Die Kletterei selbst verläuft meist über Platten, selten in Verschneidungen oder Rissen, aus diesem Grund sind die Routen zum größten Teil perfekt mit Bohrhaken ausgestattet. Wo es möglich ist selbst Zwischensicherungen anzubringen, sind auch hin und wieder Friends oder Keile nötig. Der Fels ist ein Traum zum Klettern. Ziemlich rau und bombenfest, kann man sich selbst auf kleinsten Griffen und Tritten halten dass es nur so ein Genuss ist. Die Schwierigkeiten sind meist technischer Natur, aber auch eine Menge Finger- und Armkraft ist gefragt, da die Routen immer in steilstem oft sogar leicht überhängendem Fels verlaufen. Die ersten Tage hatten wir immer wieder mit dem Wetter zu hadern. So mussten wir unsere erste Tour „Belle et Berbere“ vor den letzten beiden Seillängen abbrechen und die Route über ein Ausstiegsband verlassen, da wir in ein Gewitter gerieten. Am darauffolgenden Tag kletterten wir jeweils verschiedene Routen daneben, die es uns ermöglichten, die letzten beiden Seillängen der ersten Route im oberen Bereich zu vollenden. Auch hierbekamen wir beim Abstieg wieder eine Dusche verpasst. 
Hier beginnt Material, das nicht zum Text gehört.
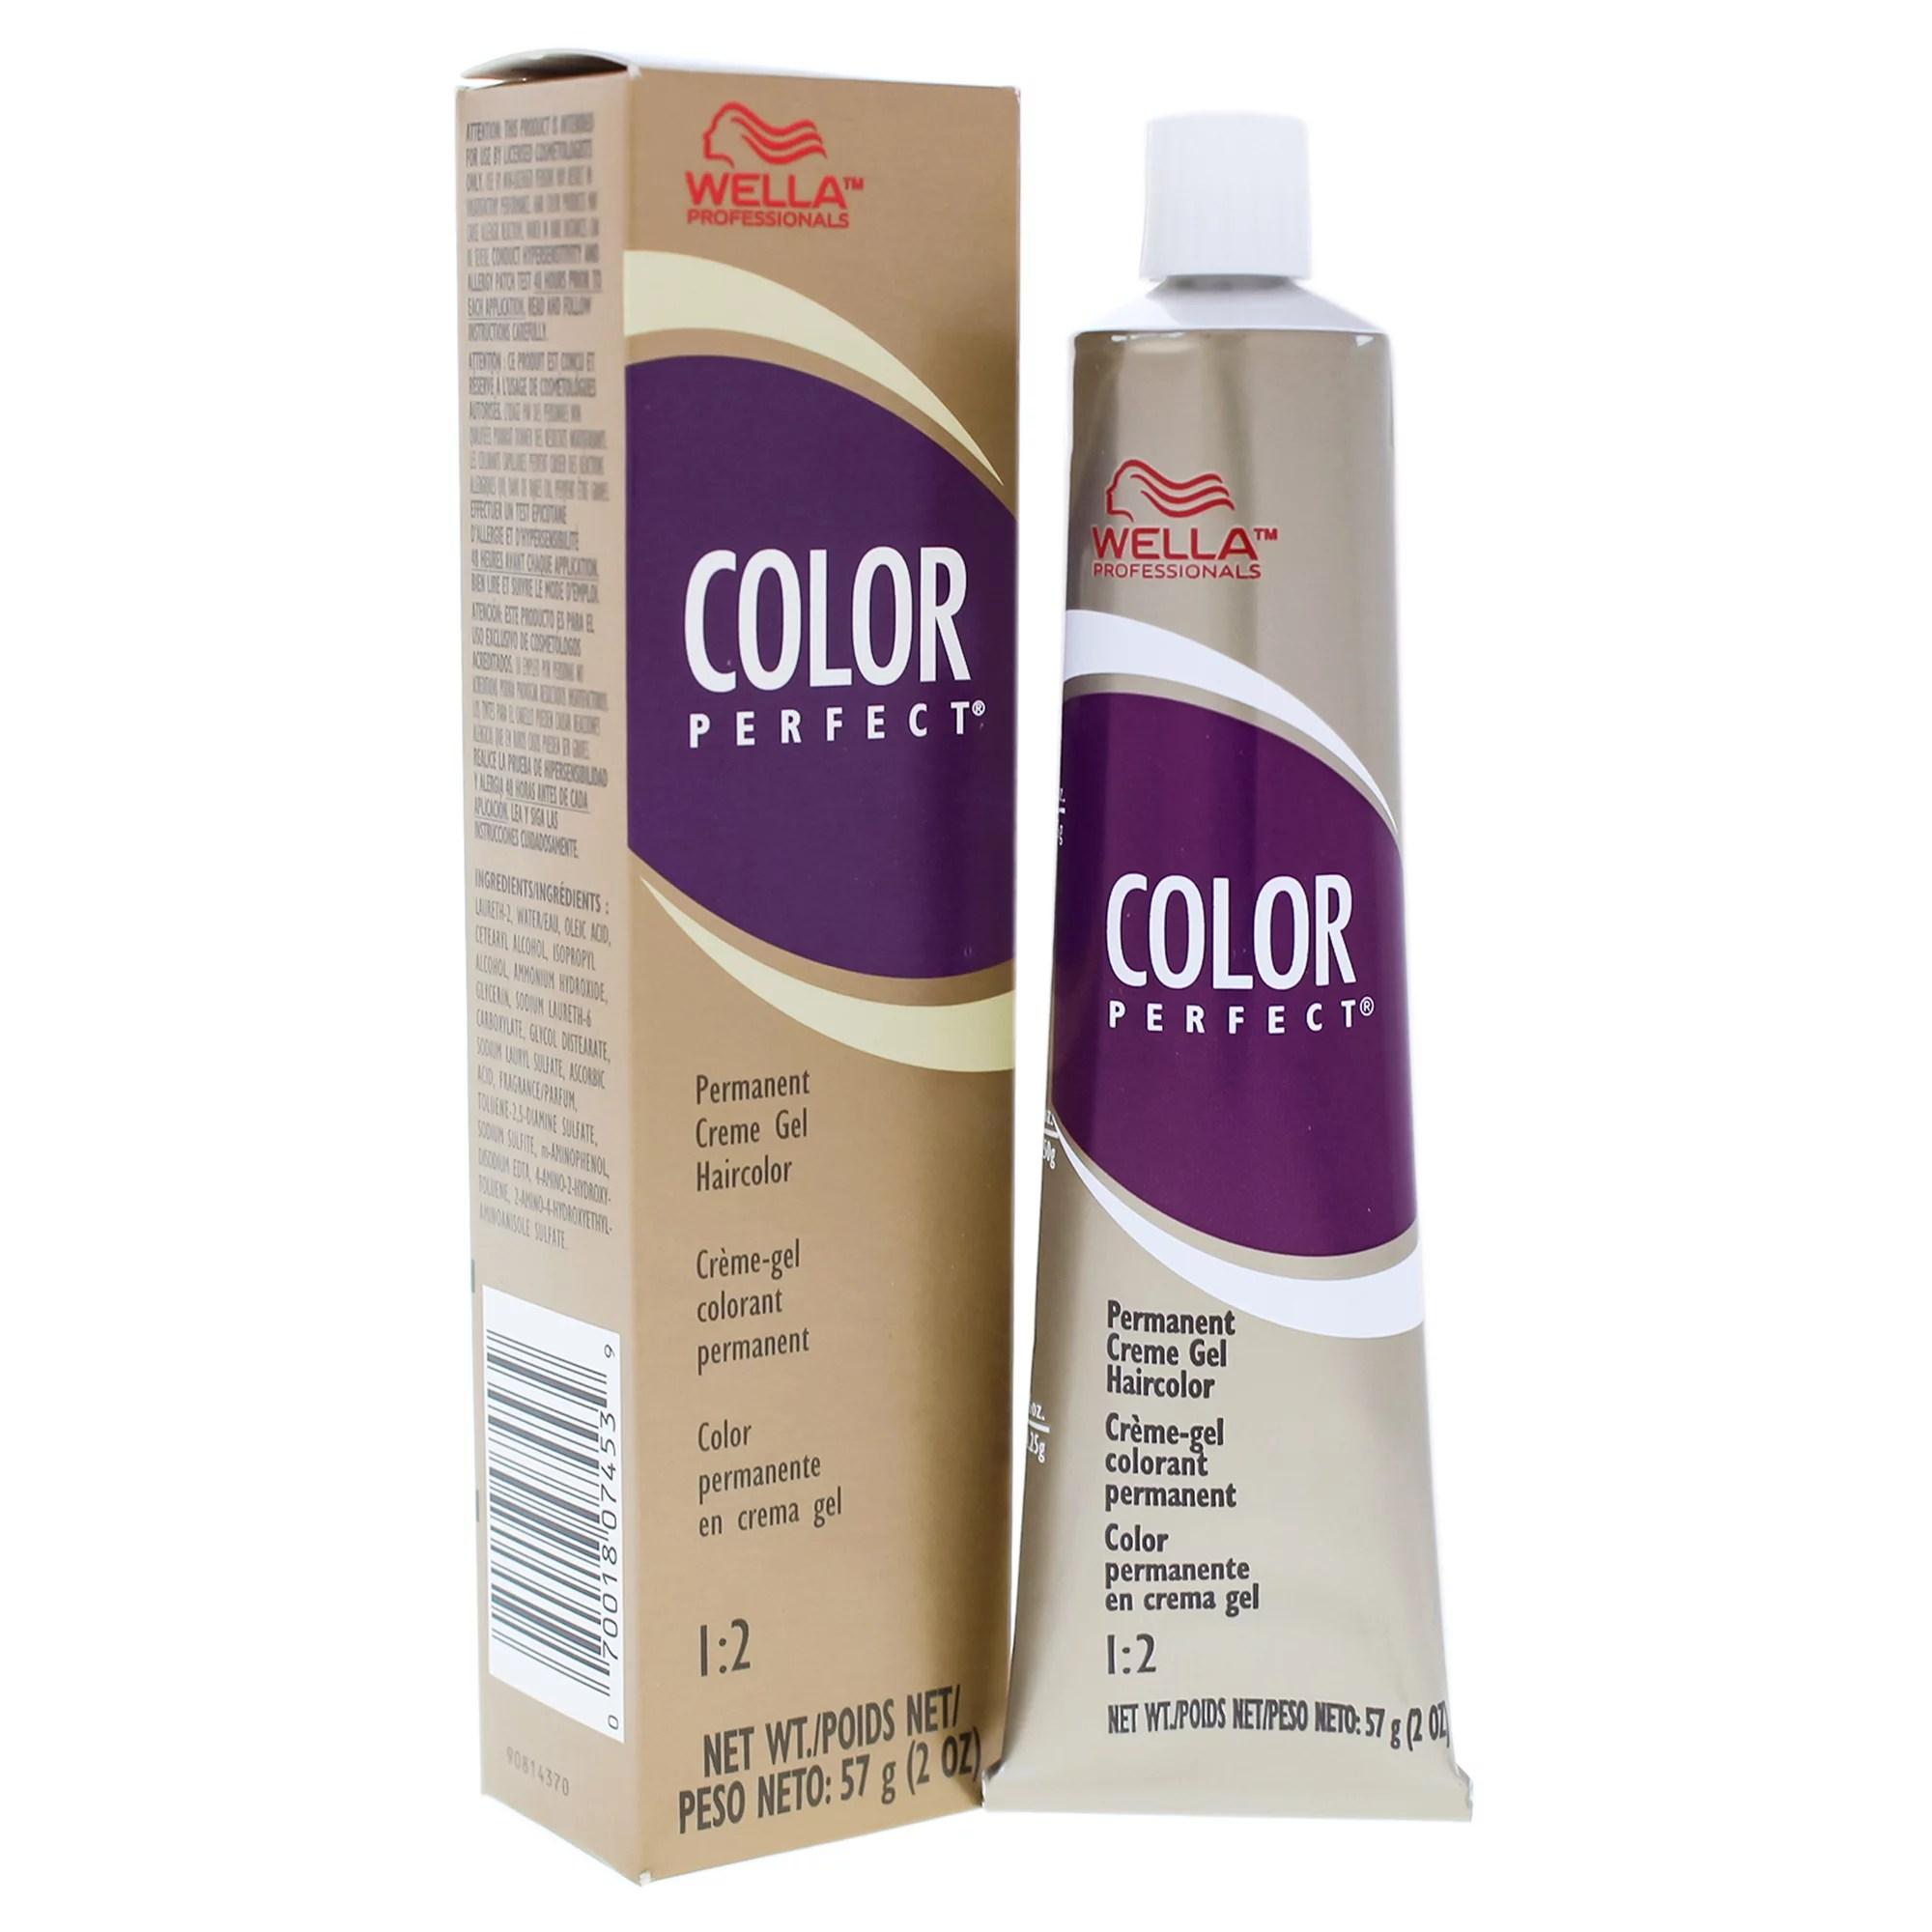 Color Perfect Permanent Cr?me Gel Hair Color – V Violet Modifier by Wella for Unisex – 2 oz Hair Color

Der arabische Wettergott meinte es nicht immer gut mit uns

Der nächste Tag schließlich war komplett verregnet und es kühlte spürbar ab. Wir beschlossen, es mit Sportklettern zu versuchen. Tatsächlich waren im mittleren Bereich des Klettergartens einige Routen die sich unter einem Dach befinden trocken. Schließlich kam es sogar so weit, dass wir in Marokko ein Lagerfeuer entzünden mussten, um unsere Hände zu wärmen. Das hätten wir uns vor der Reise nicht gedacht. Und das Wetter wurde nicht besser. Für den Montag war die Prognose bewölkt aber kaum Niederschlag, so beschlossen wir die Route „Au nom de la Réforme“ auf den Taoujdad zu versuchen. Vor uns kletterte eine Belgische Seilschaft, die etwas schwer in die Gänge kam, und wir mussten uns ziemlich lange gedulden, bis auch unsere 3 Seilschaften starten konnten. Die Temperatur an diesem Tag war ziemlich frostig, und es hatte am Tag zuvor sogar auf den etwas höheren Gipfeln im Umfeld geschneit. Mit Schuhplattlereinlagen bei den Ständen und allen möglichen Aufwärmübungen schafften wir es dann auch etwas unterkühlt aber glücklich auf den Gipfel. Die Route selbst ist ein absoluter Traum zum Klettern. Bei unserer Rückkehr im Dorf wurden wir dann von einer Schar Kindern empfangen, die gerne Schokolade oder Bonbons ergattert hätten, aber auch die Nüsse und getrockneten Früchte die wir anzubieten hatten wurden mit Freude entgegengenommen.